■ **Task to carry out**
Only the lines from the one with "Ganz-MÁVAG MFAV - 32" to the end of the data, both ends included, should be output, exactly as they stand and without pictures.

■ **Given material**
++++

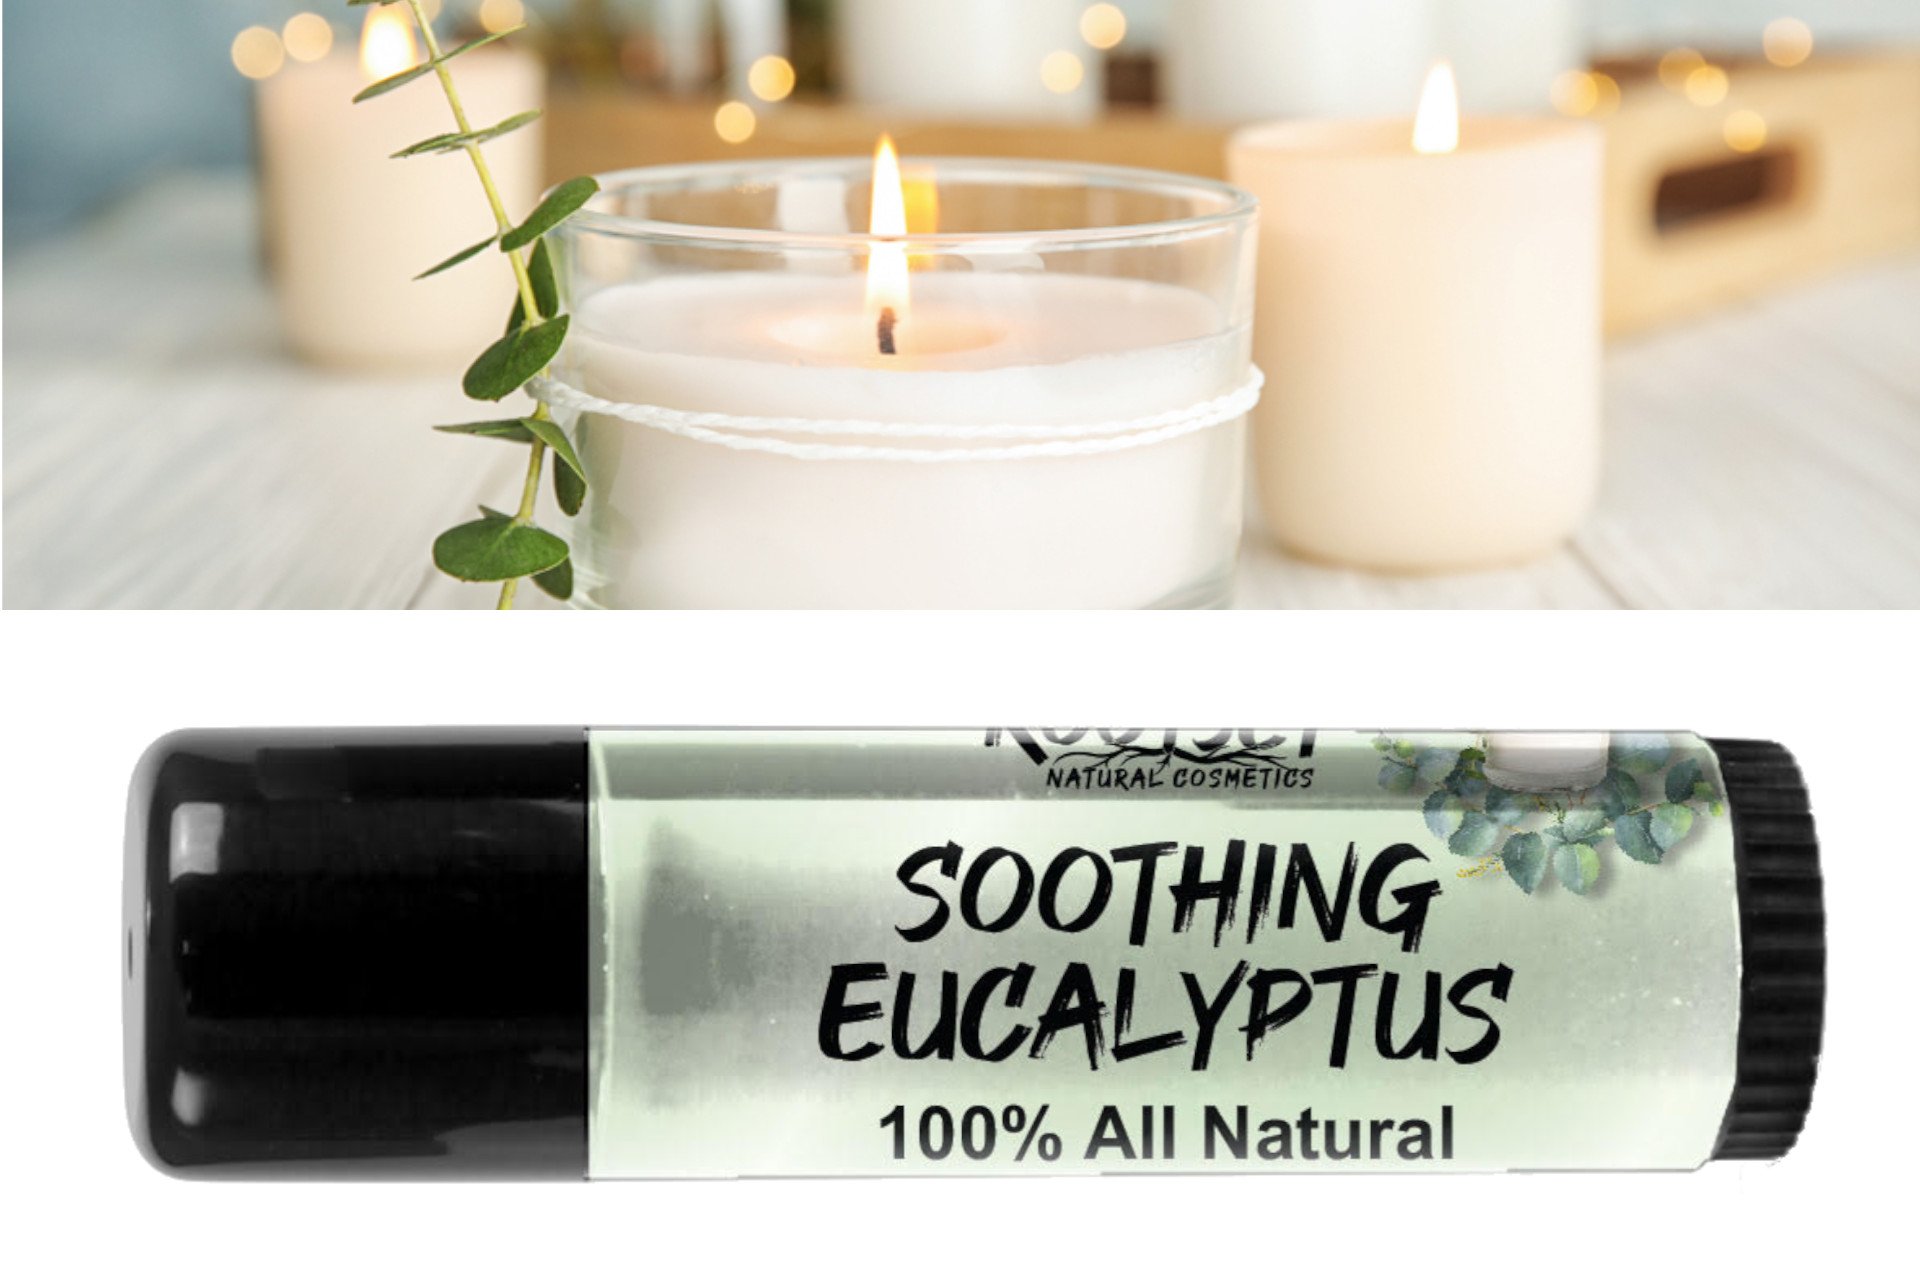 Soothing Eucalyptus Jumbo 100% All Natural Lip & Body Balm.jpg
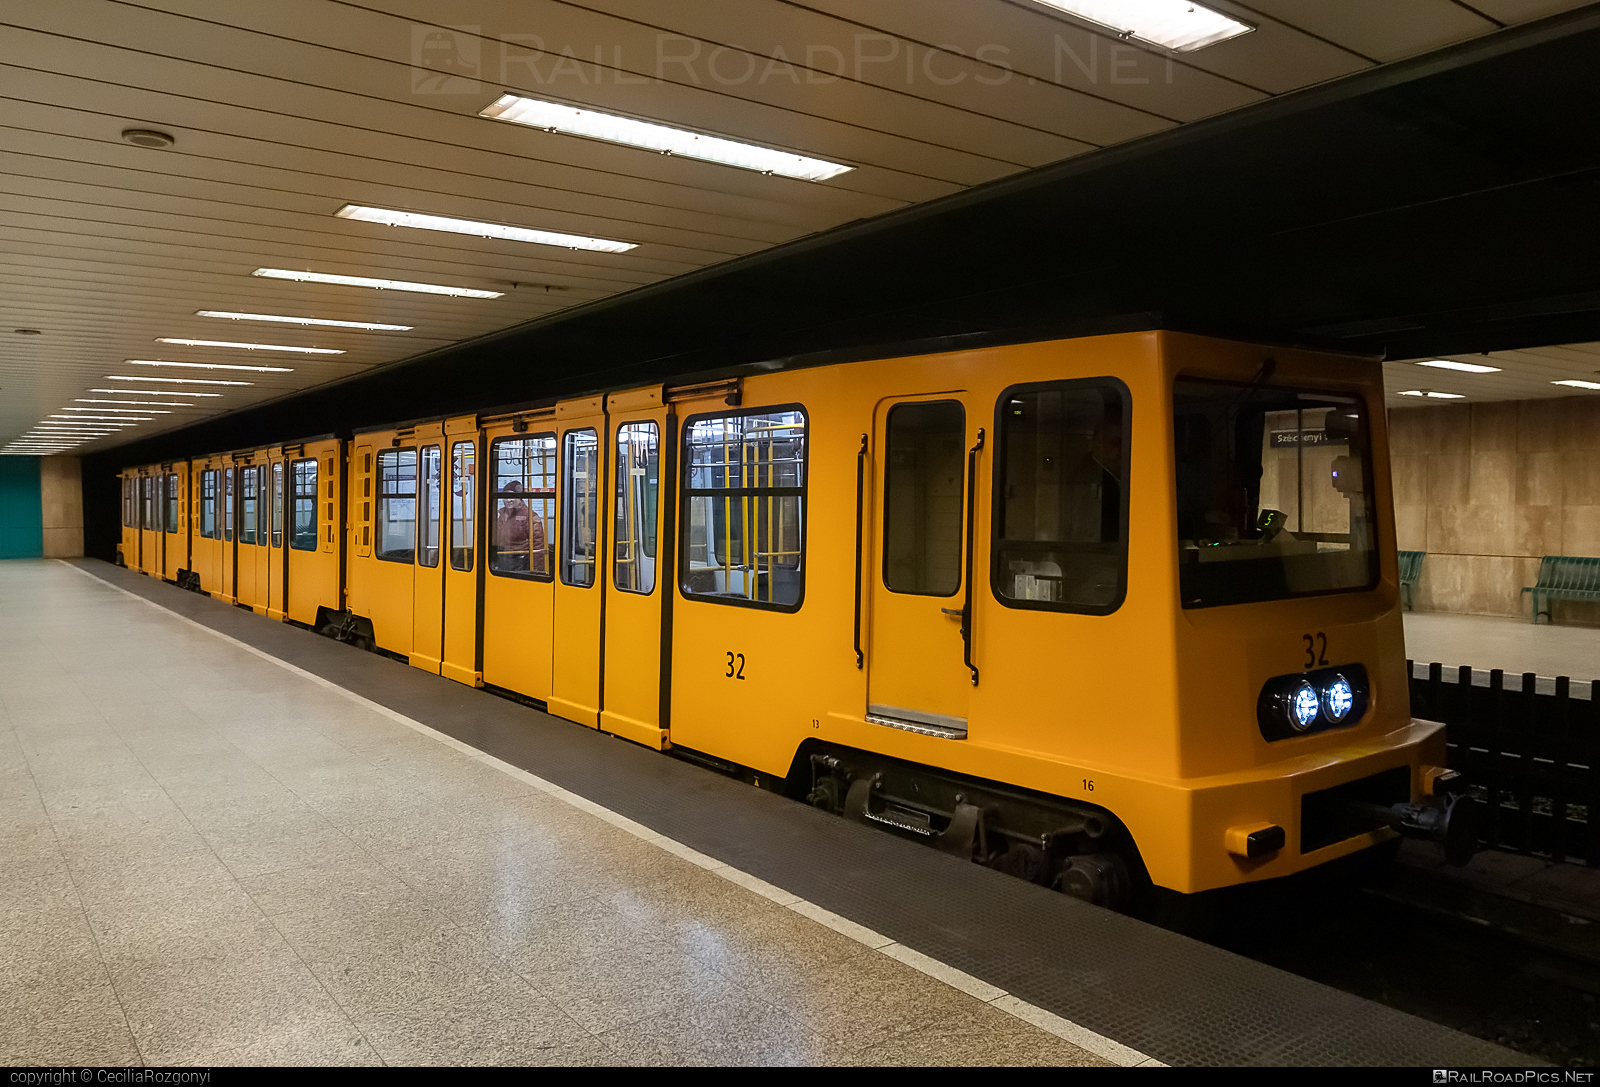 Ganz-MÁVAG MFAV - 32 operated by Budapesti Közlekedési Központ Zrt. (BKK) #budapestiKozlekedesiKozpont #budapestiKozlekedesiKozpontZrt #ganzMavagFav #ganzMavagMfav #ganzmavag #metro #mfav #subway
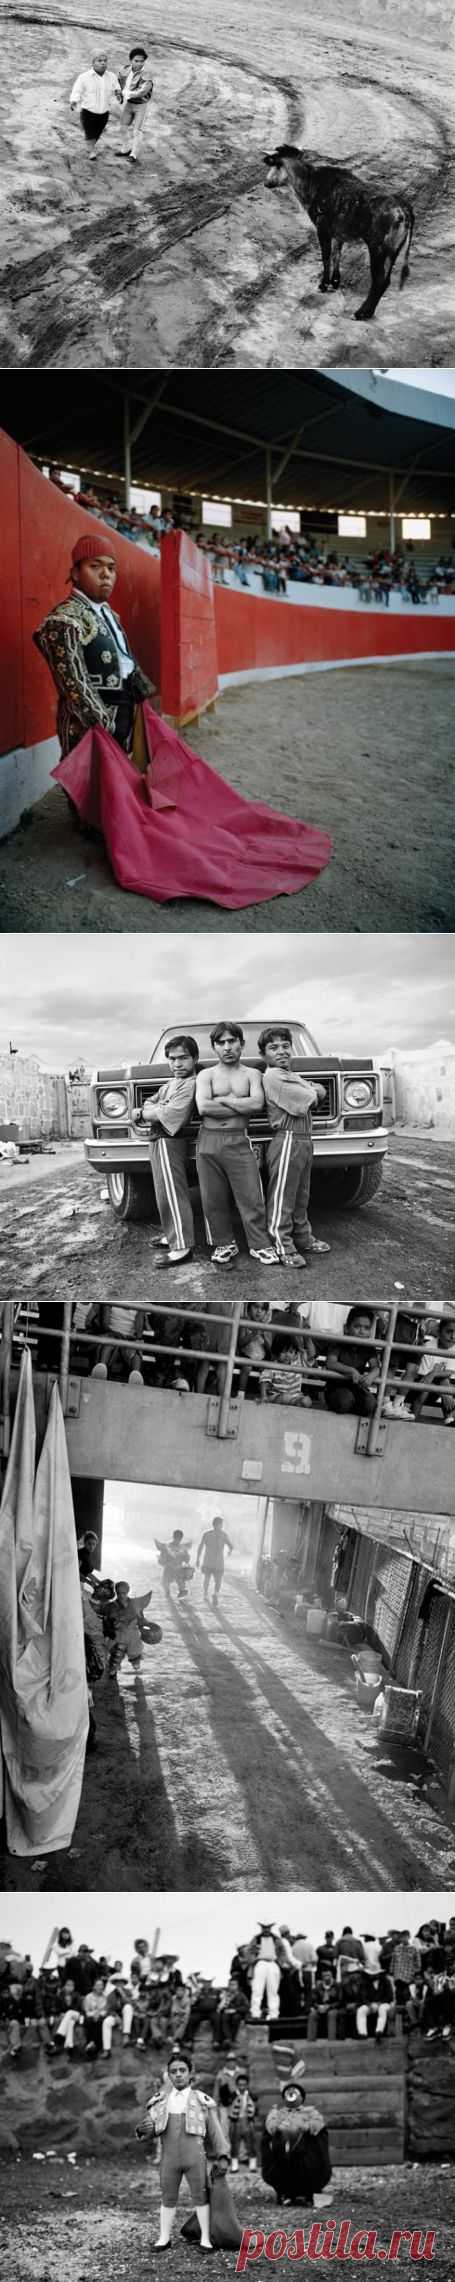 ФотоТелеграф » Мексиканские карлики-тореадоры

++++

■ **Response to this exercise**
 Ganz-MÁVAG MFAV - 32 operated by Budapesti Közlekedési Központ Zrt. (BKK) #budapestiKozlekedesiKozpont #budapestiKozlekedesiKozpontZrt #ganzMavagFav #ganzMavagMfav #ganzmavag #metro #mfav #subway
 ФотоТелеграф » Мексиканские карлики-тореадоры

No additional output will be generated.